Task objective:
For this exercise, please transcribe exactly and only the lines from the one containing "Elephas Tab. IX" through the end of the material, both ends included, without pictures.

Source data:
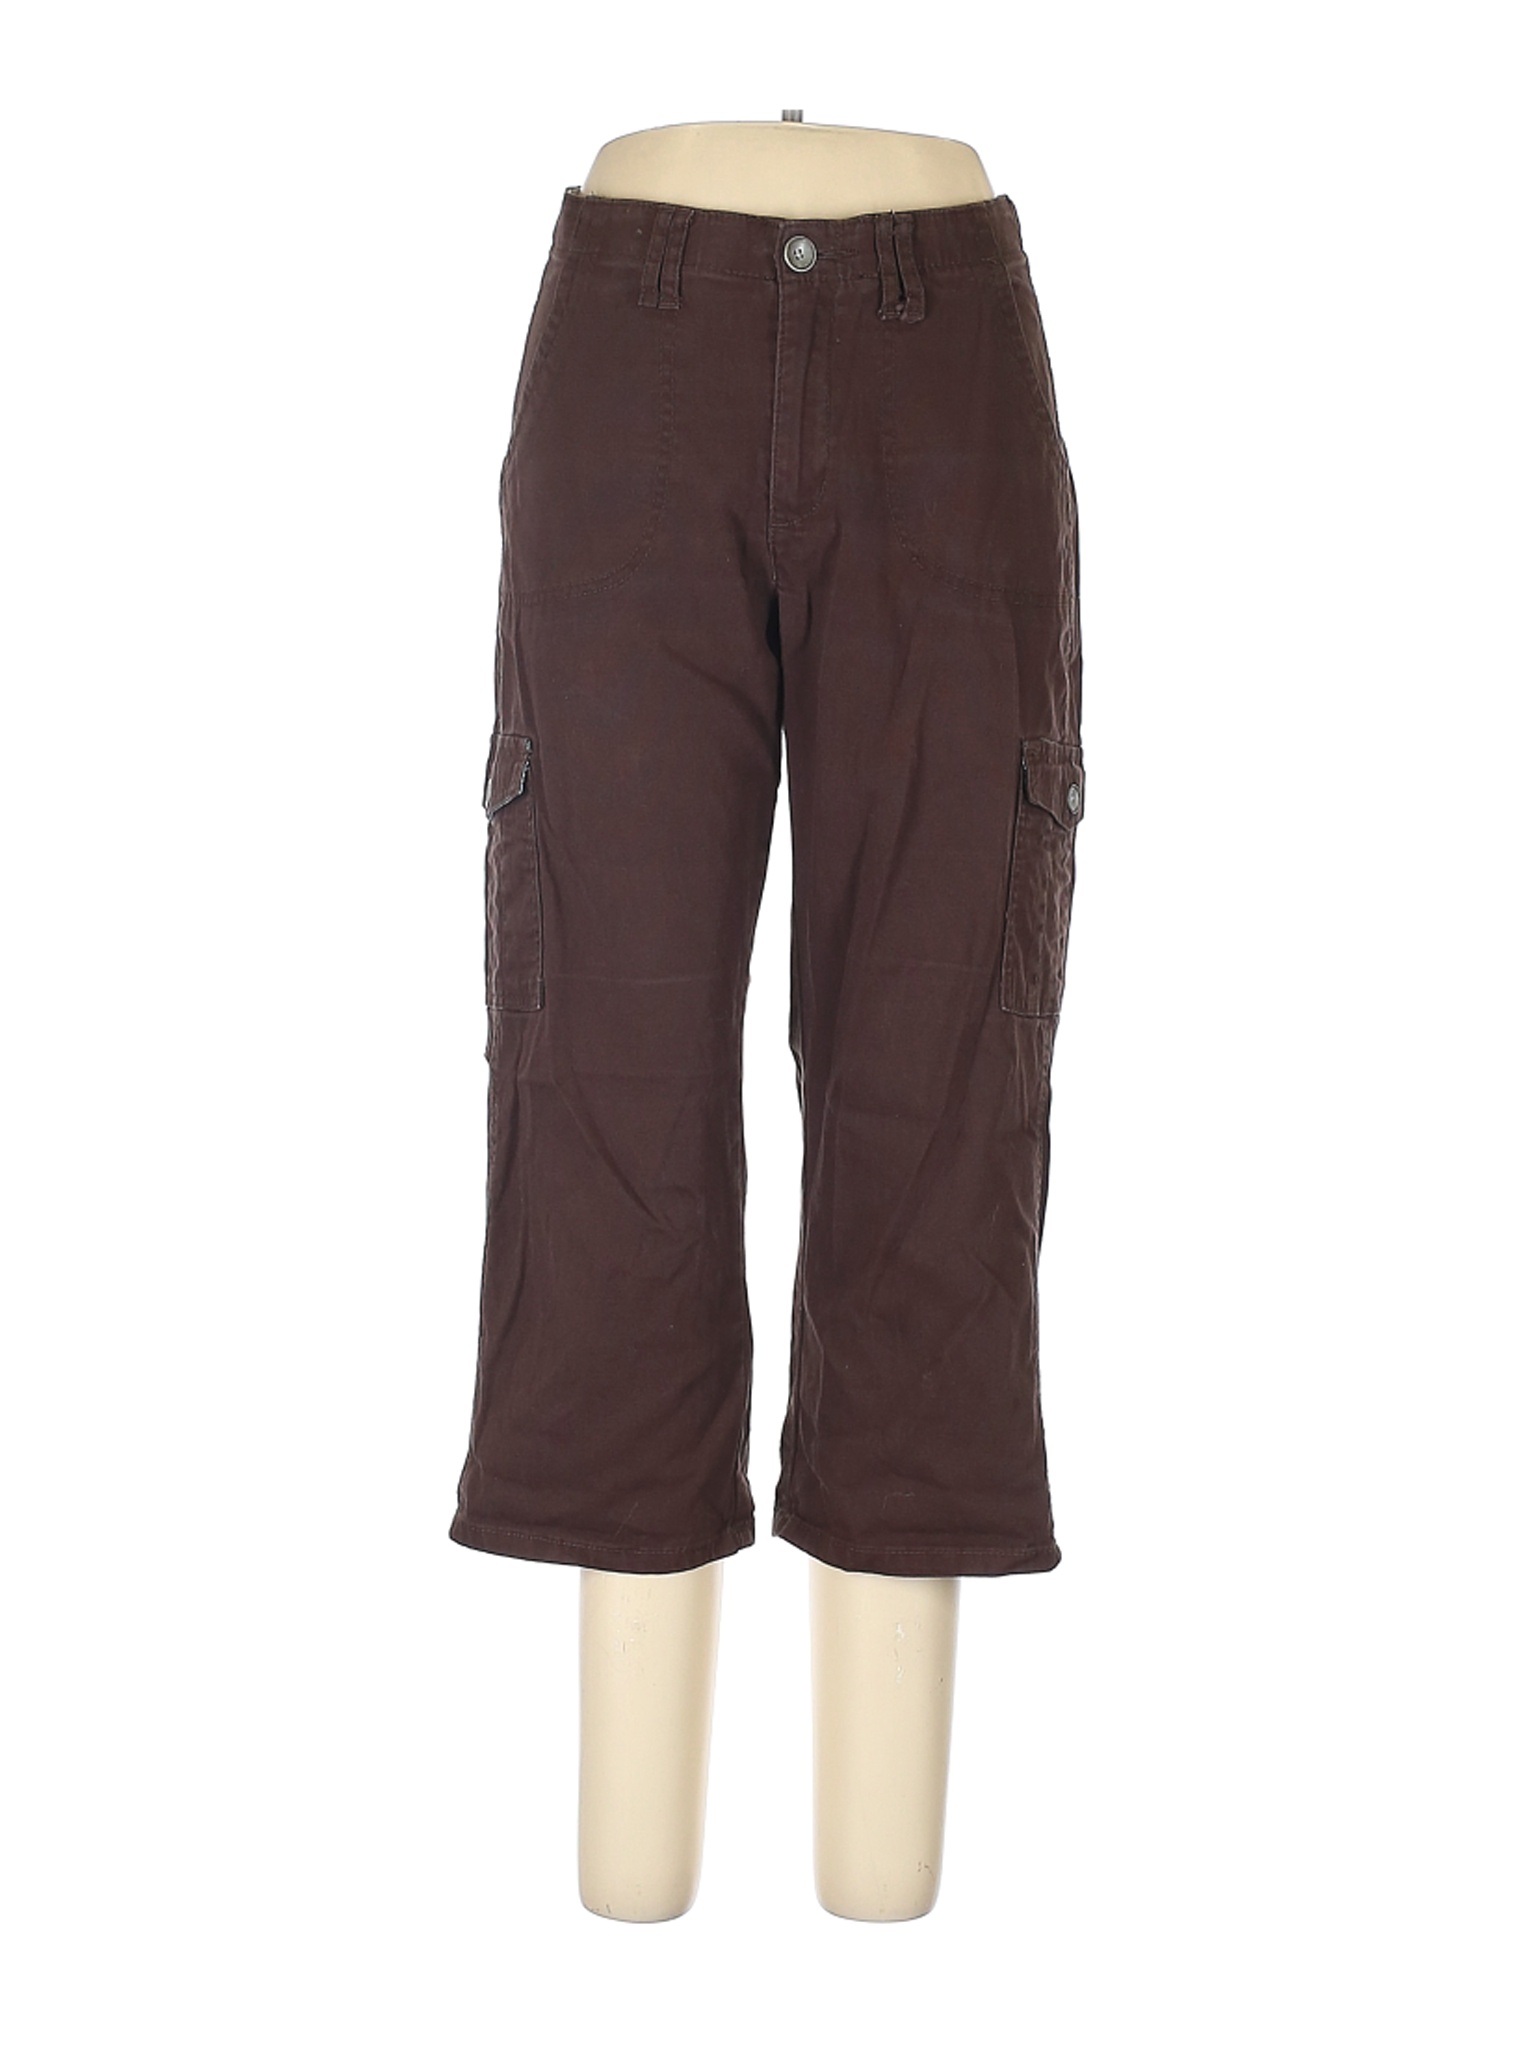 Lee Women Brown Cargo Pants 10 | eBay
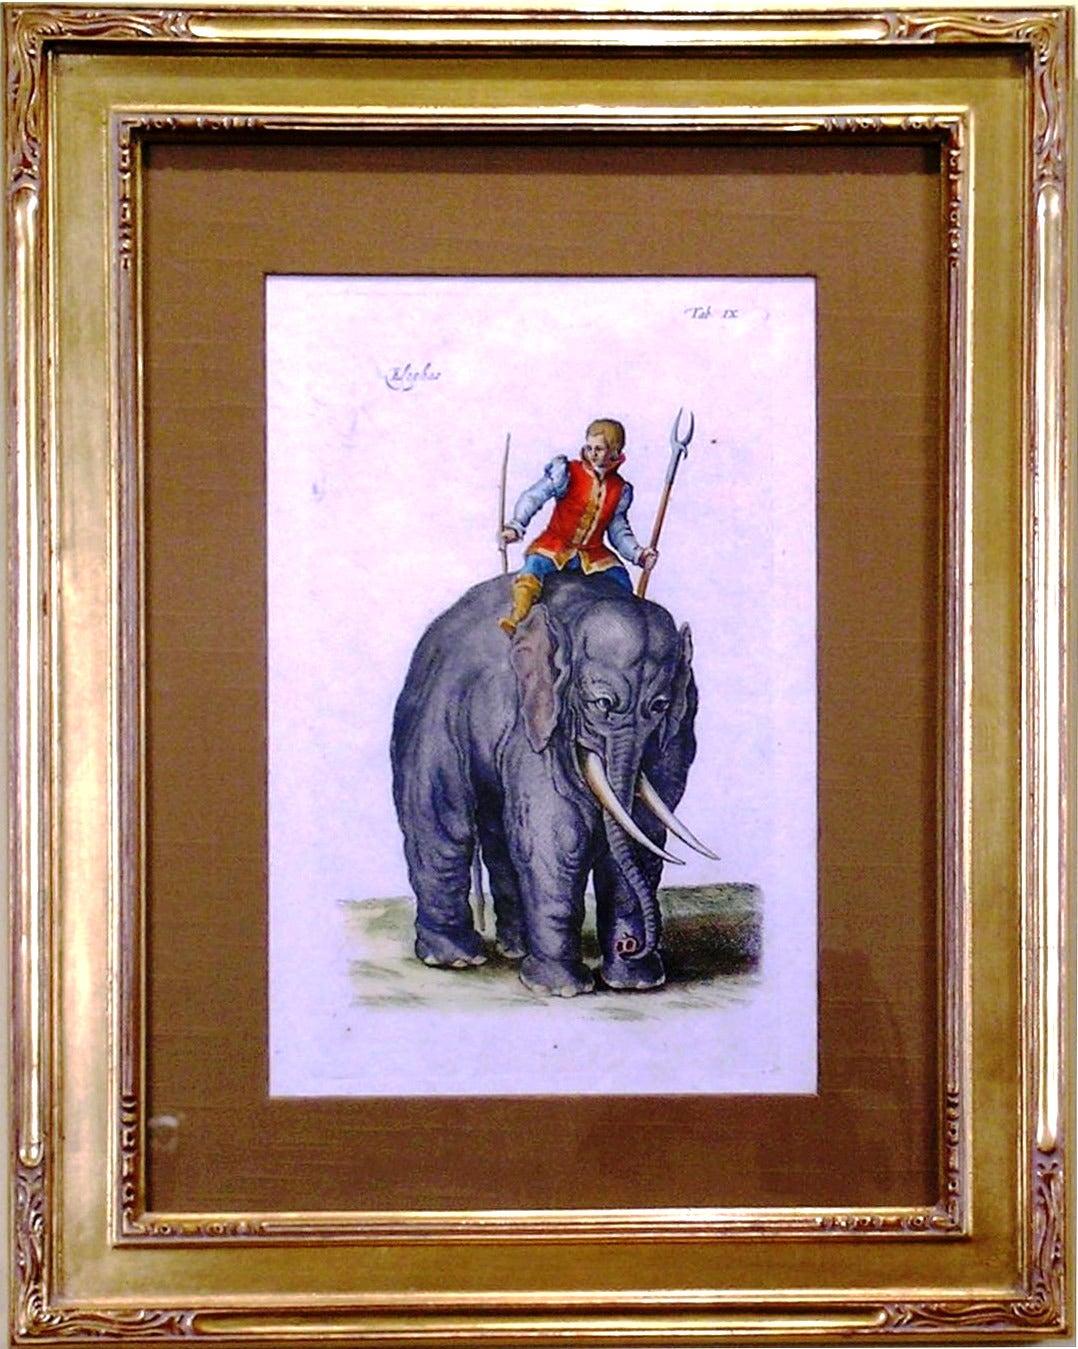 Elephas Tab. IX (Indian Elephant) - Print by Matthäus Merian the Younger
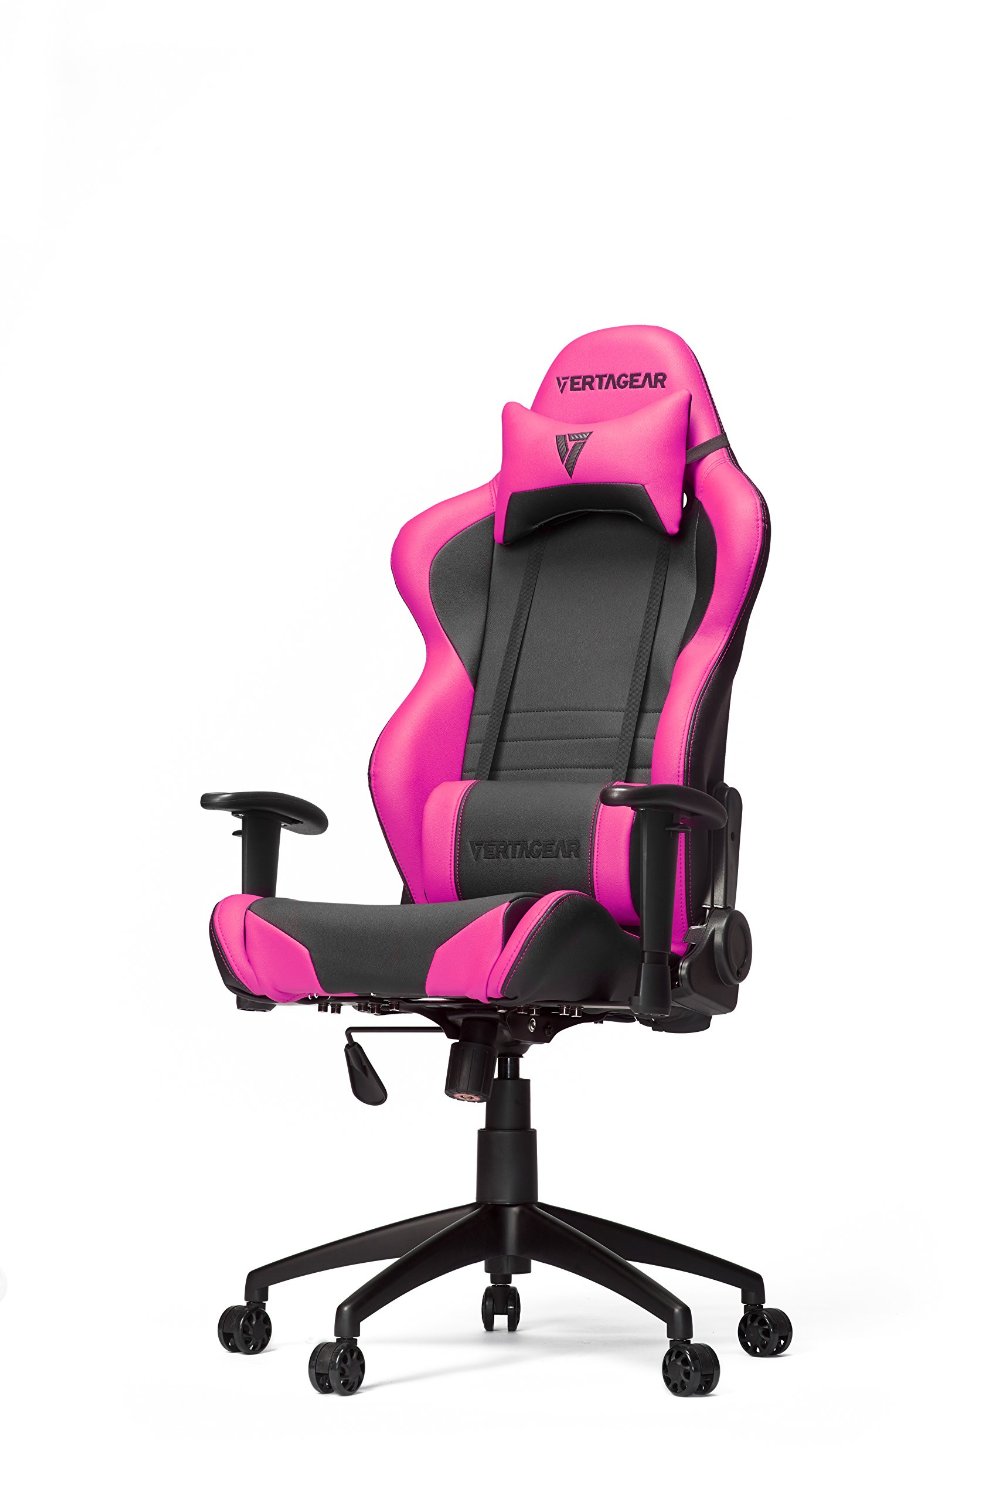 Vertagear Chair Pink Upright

Exercise output:
 Elephas Tab. IX (Indian Elephant) - Print by Matthäus Merian the Younger
 Vertagear Chair Pink Upright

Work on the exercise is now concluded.